Spend any amount of time in a grocery store and you’ll see foods labeled in separate categories. Organic, all-natural, naturally raised, grass-fed and grain-fed labels supply shelves and meat counters.
While each one of these categories has its own market, confusion can occur on what defines qualifications for the label.
“Organically labeled meat means that the animal’s diet can consist of any grain or forage product as long as those feed items are certified organic,” says University of Nebraska-Lincoln Extension Educator Lindsay Chichester. “This program is the most strict with the most guidelines, and is governed by the USDA’s National Organic Program (NOP).”
According to the most recent Organic Market Overview, this niche market is gaining steam in sales and now takes up more than 3 percent of U.S. food sales.

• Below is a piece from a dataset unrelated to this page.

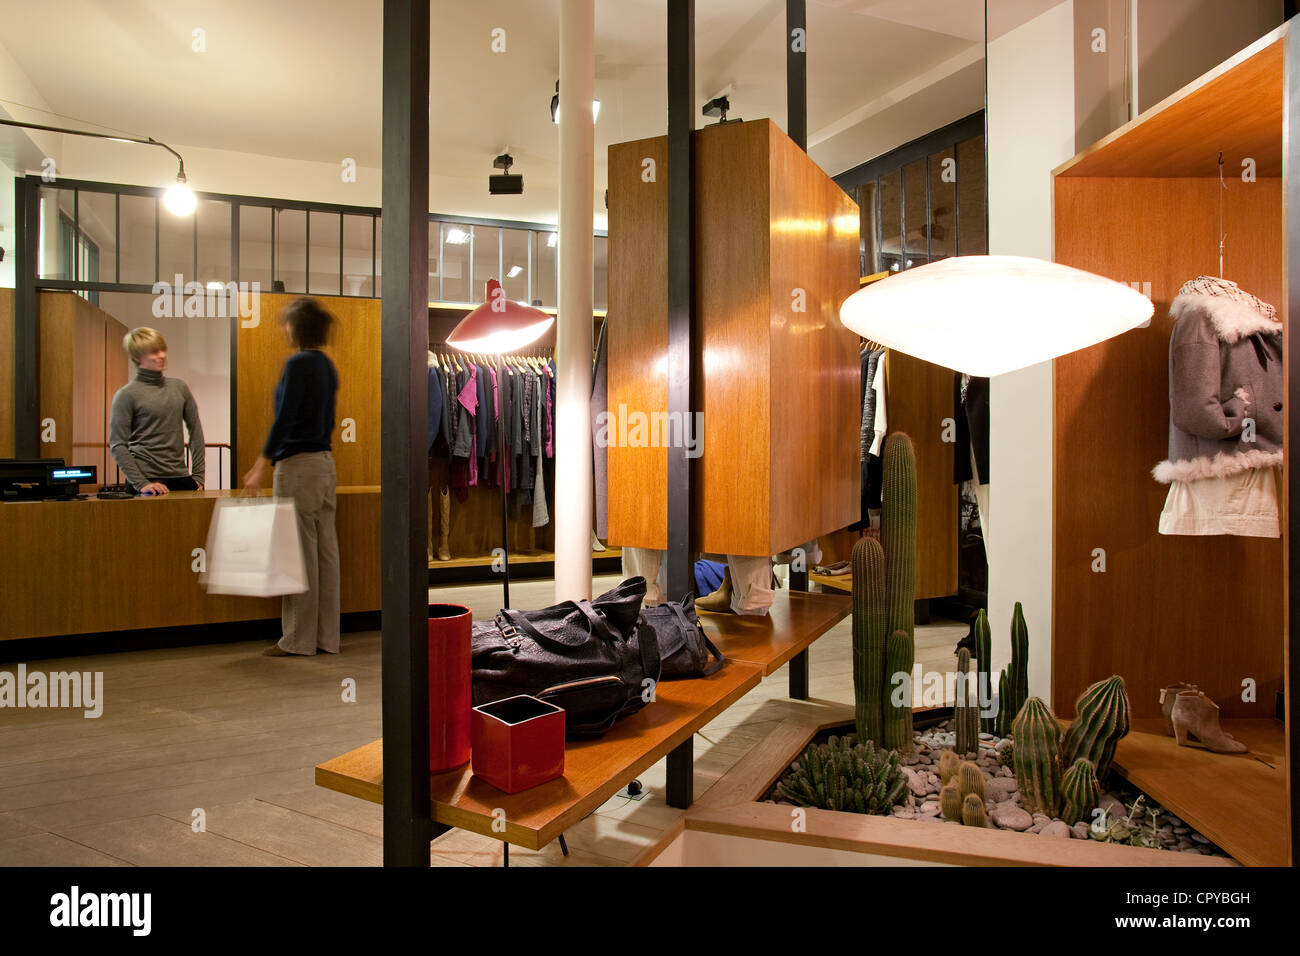 France, Paris, Le Marais District, Isabel Marant fashion store Stock Photo  - Alamy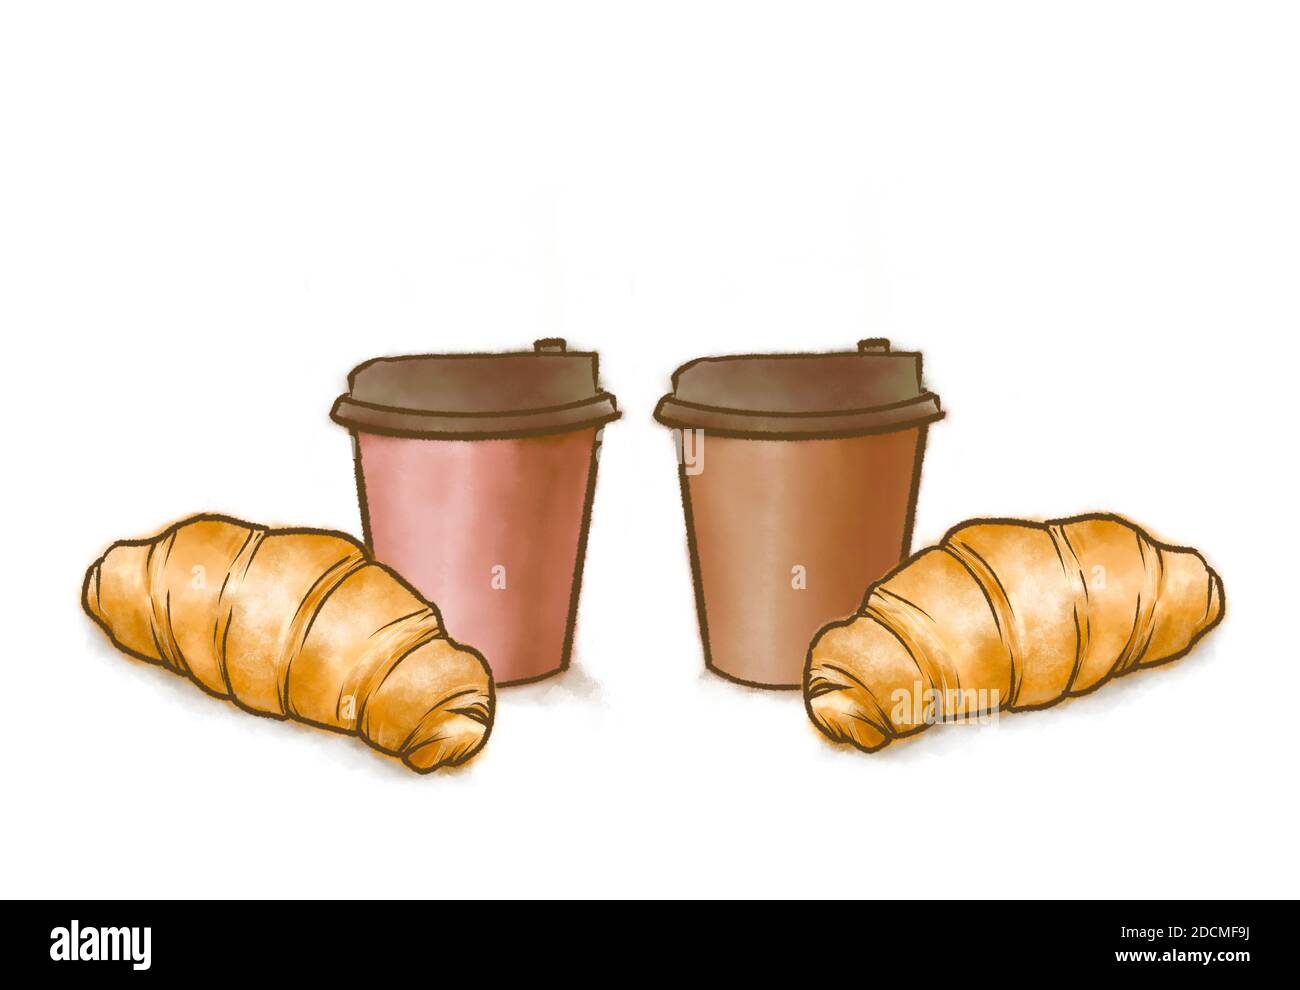 La peinture numérique de la boulangerie française de pain croissant et de café papier tasse image raster sur fond blanc. Banque D'Images

For a meat product to qualify as certified organic, livestock must live an antibiotic and hormone-free life (all food naturally contains hormones, this refers to administered). In addition, feed resources are also regulated.
“To be certified organic, a grain or forage resource must not have had synthetic fertilizers, sewage sludge, irradiation applied, and/or had genetically engineered products produced on that ground in three or more years,” she says.
Something that has potential to confuse consumers is that organic only certifies the livestock’s feed resources, not the finished product. This means that colorant products can be added to the meat during processing.
Chichester is also quick to point out that there is no research confirming organic foods are healthier than conventionally raised foods. Because of lack of preservative use, organically grown products have the possibility of increased contamination of bacteria, parasite and pathogens.
“However, people who may have food allergies, chemical allergies, or intolerance to preservatives may prefer organic food products,” she says. “Additionally, organically produced strawberries, corn, and marionberries may be higher in antioxidants than the conventionally raised form.”
“Meat, poultry, and eggs that carry the “natural” label cannot be altered during processing; this would include the addition of artificial ingredients (spices, marinades, sauces, etc.), the addition of colorants, the additional of chemical preservatives, making the meat minimally processed,” says Chichester.